== Dataset content ==
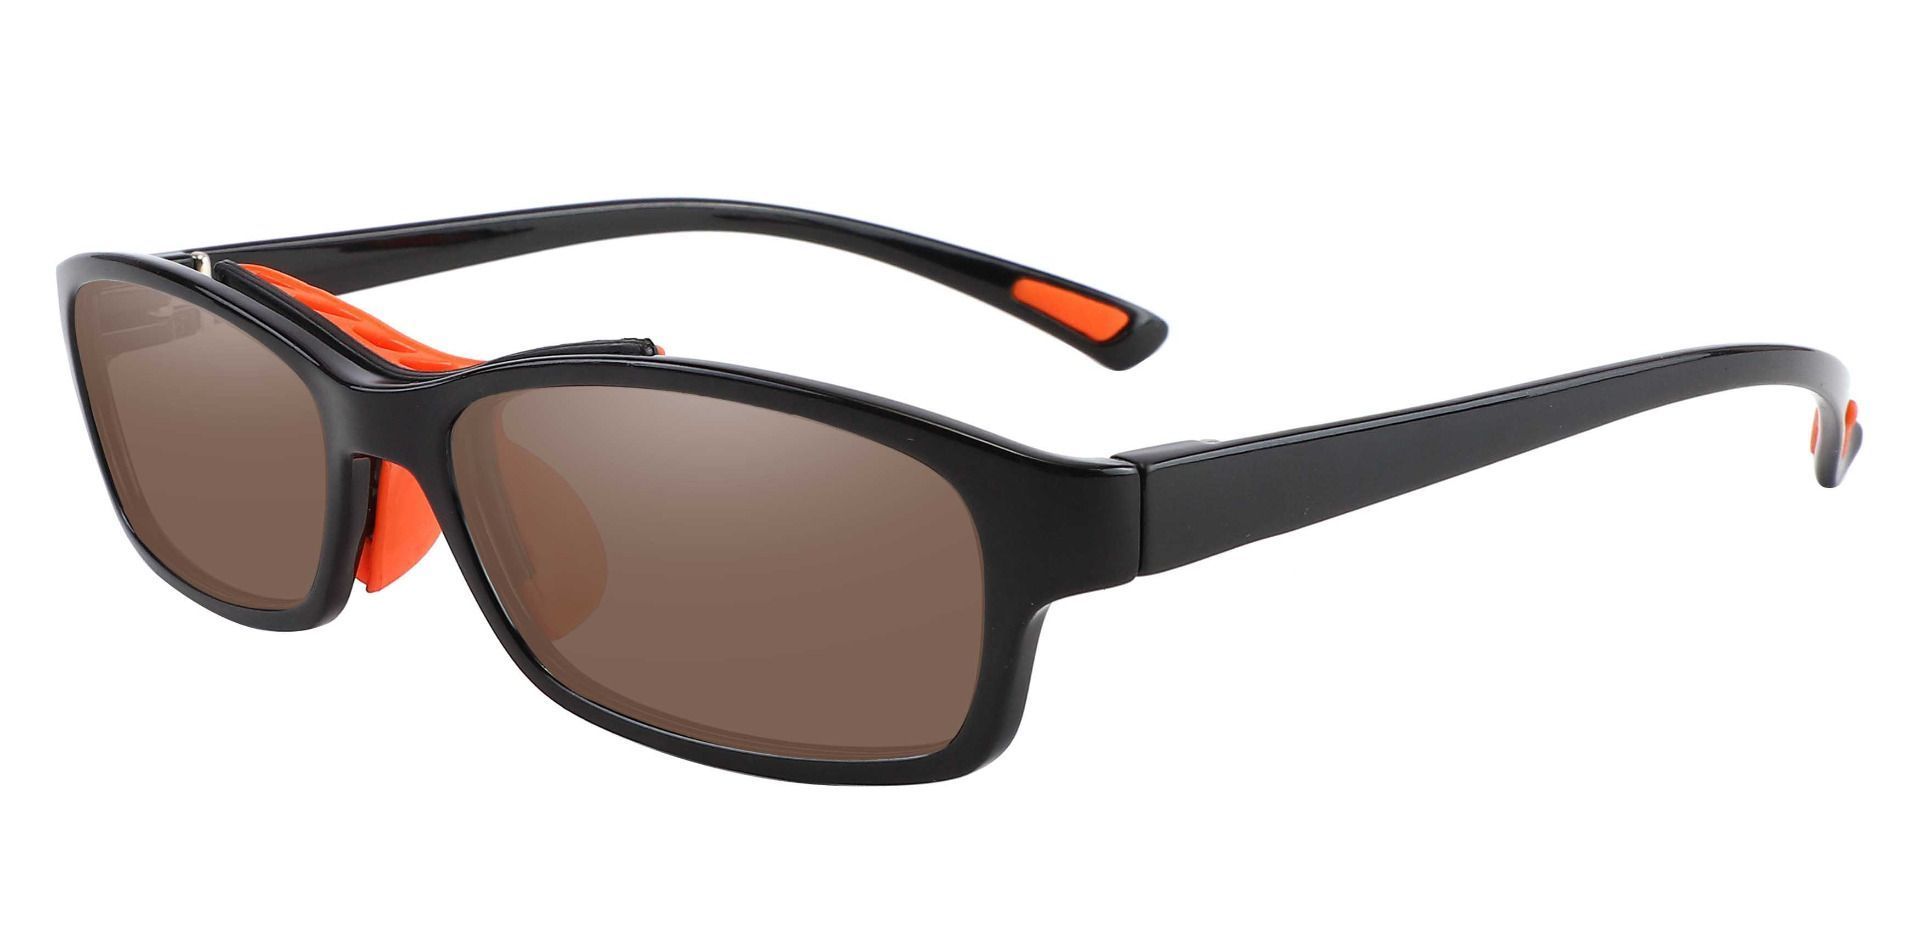 Glynn Rectangle Progressive Sunglasses - Black Frame With Brown Lenses
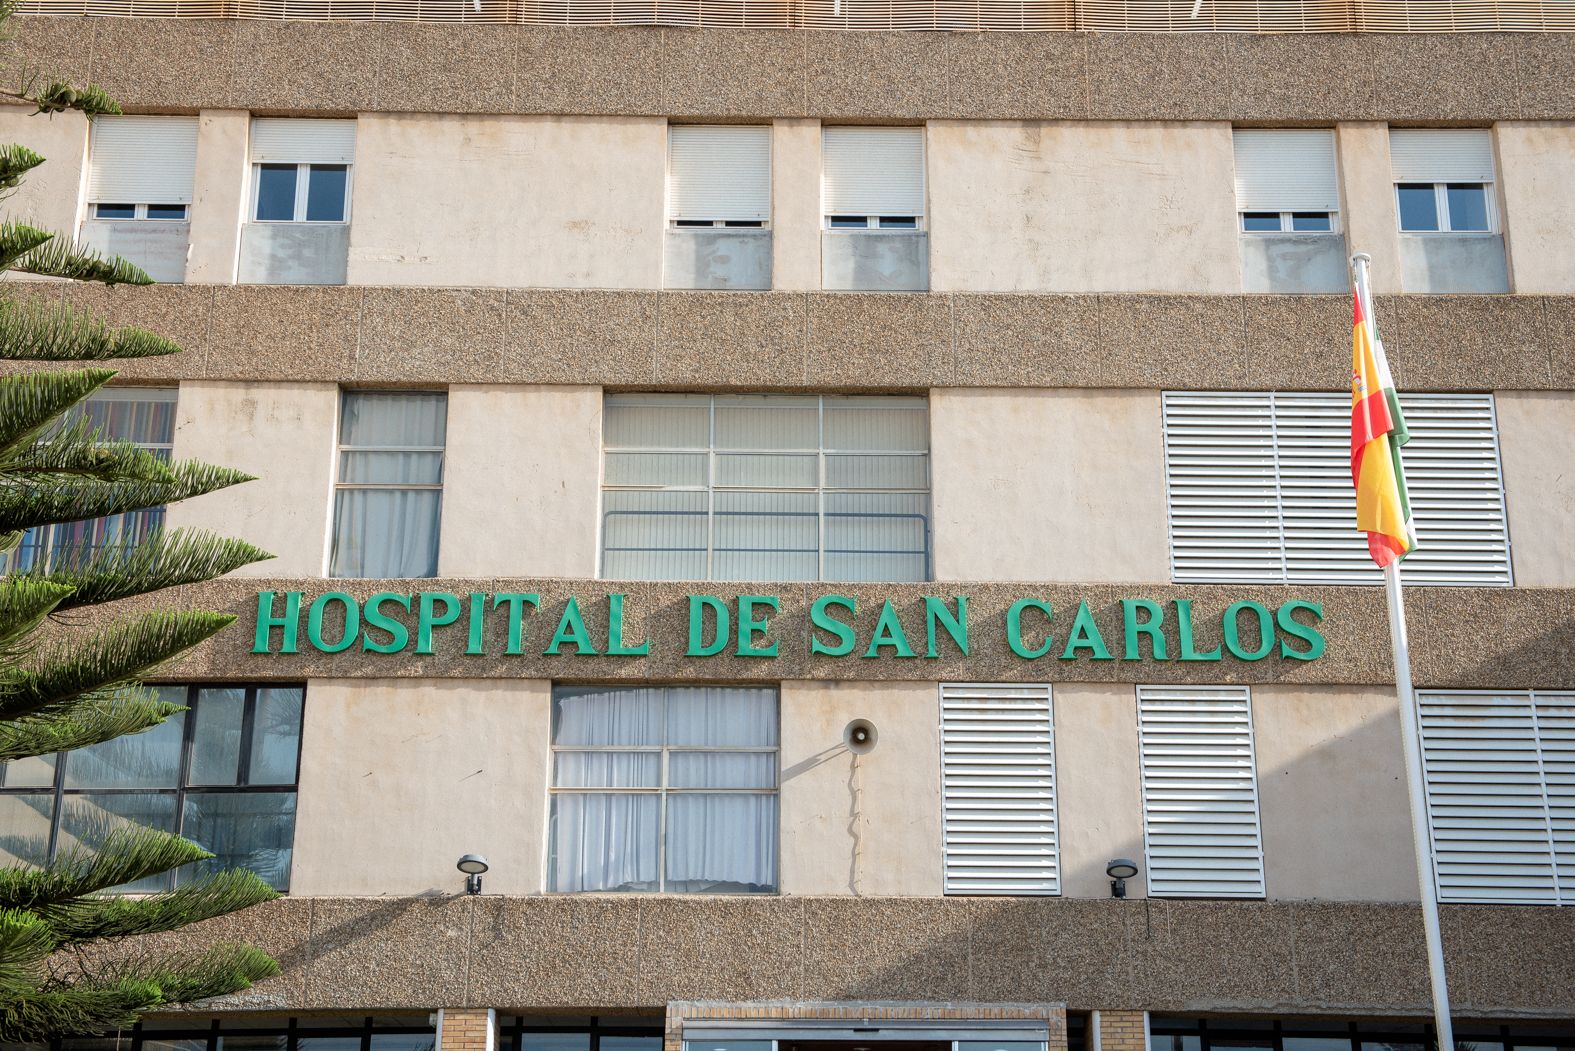 Hospital de San Carlos de la localidad de San Fernando.
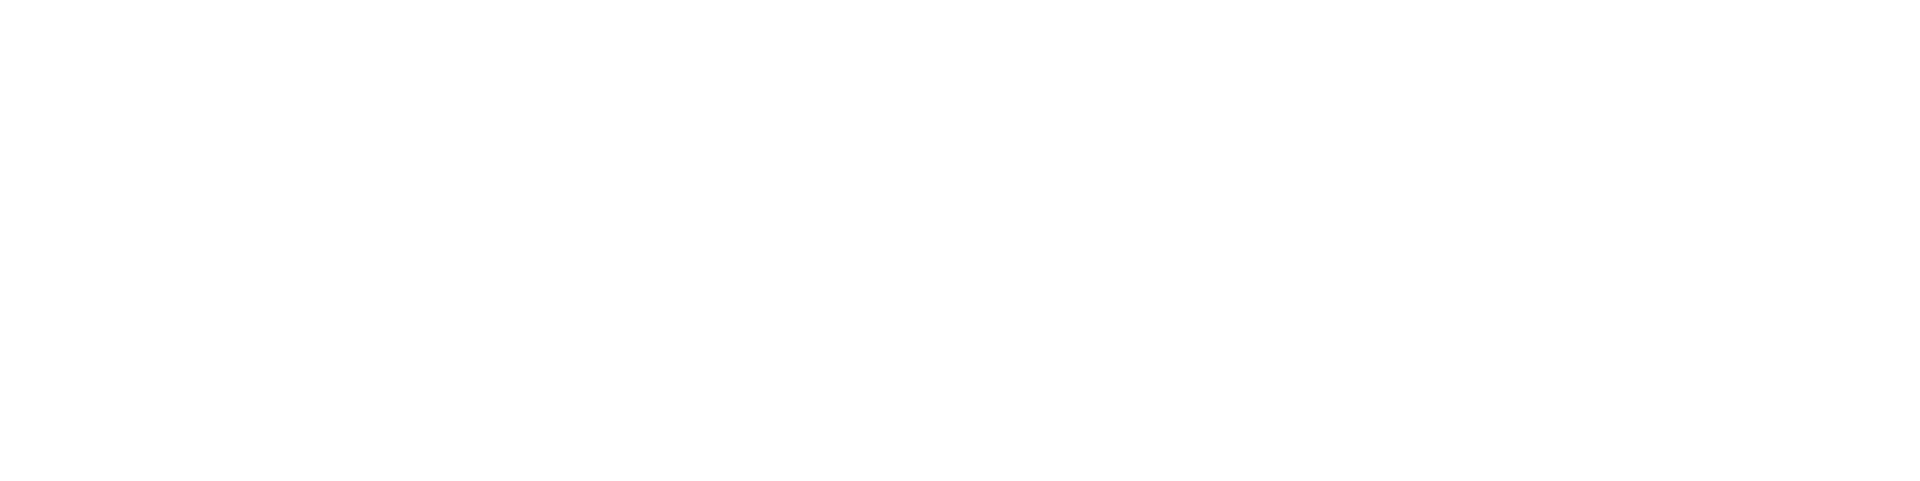 Coca Ban 2
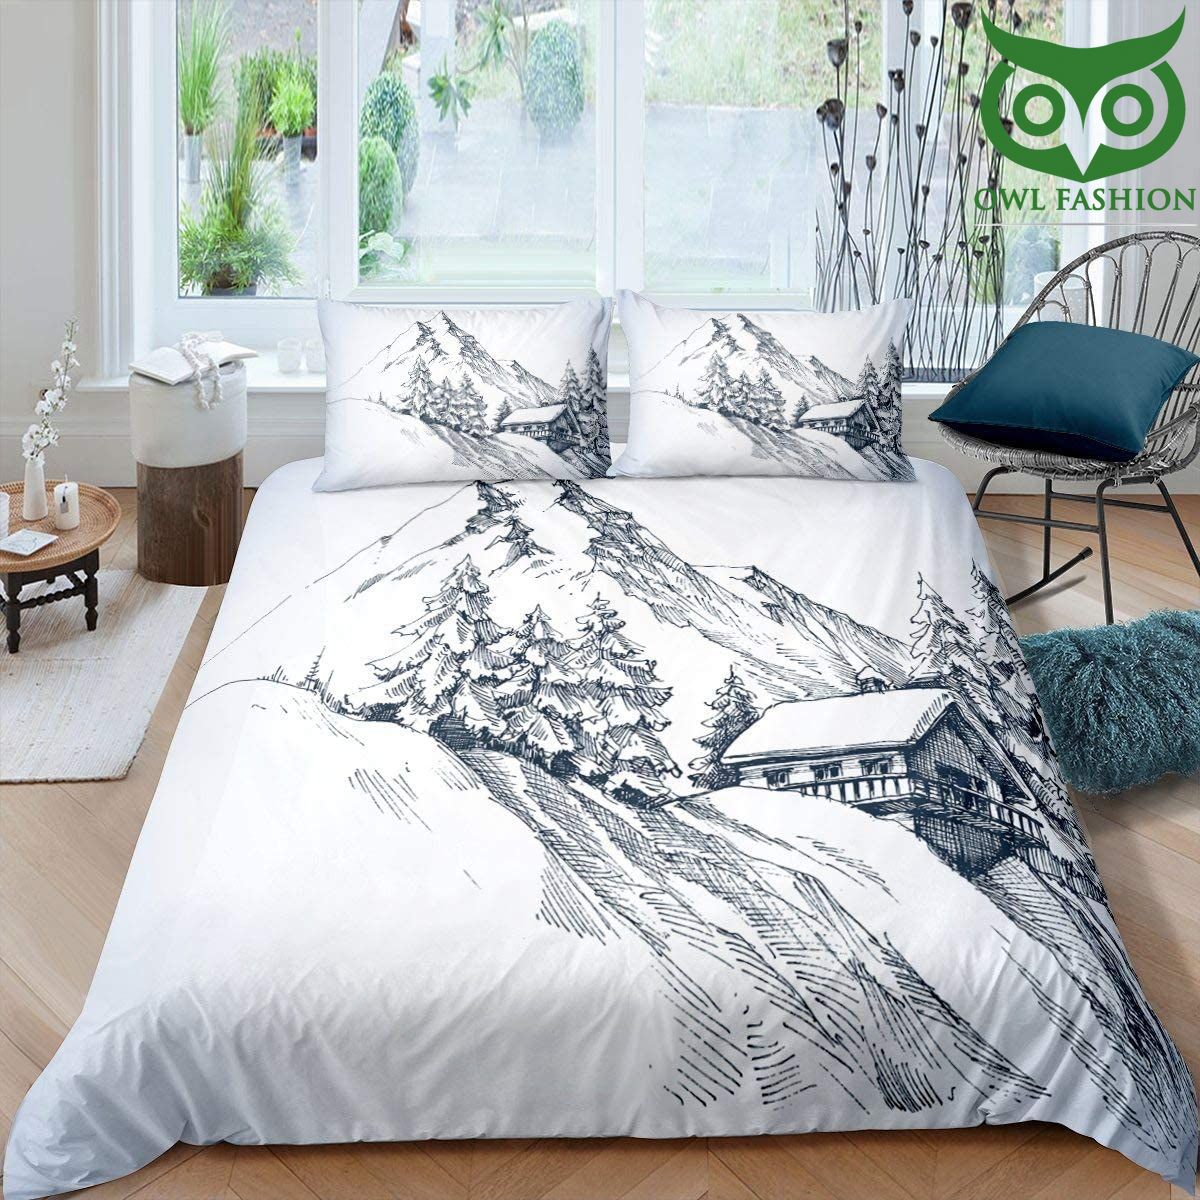 38 Snow mountain bedding set Snow Mountain Black White Simple Sketch Drawing

== Exercise objective ==
Repeat the data word for word. Skip the pictures.

== Exercise output ==
 Glynn Rectangle Progressive Sunglasses - Black Frame With Brown Lenses
 Hospital de San Carlos de la localidad de San Fernando.
 Coca Ban 2
 38 Snow mountain bedding set Snow Mountain Black White Simple Sketch Drawing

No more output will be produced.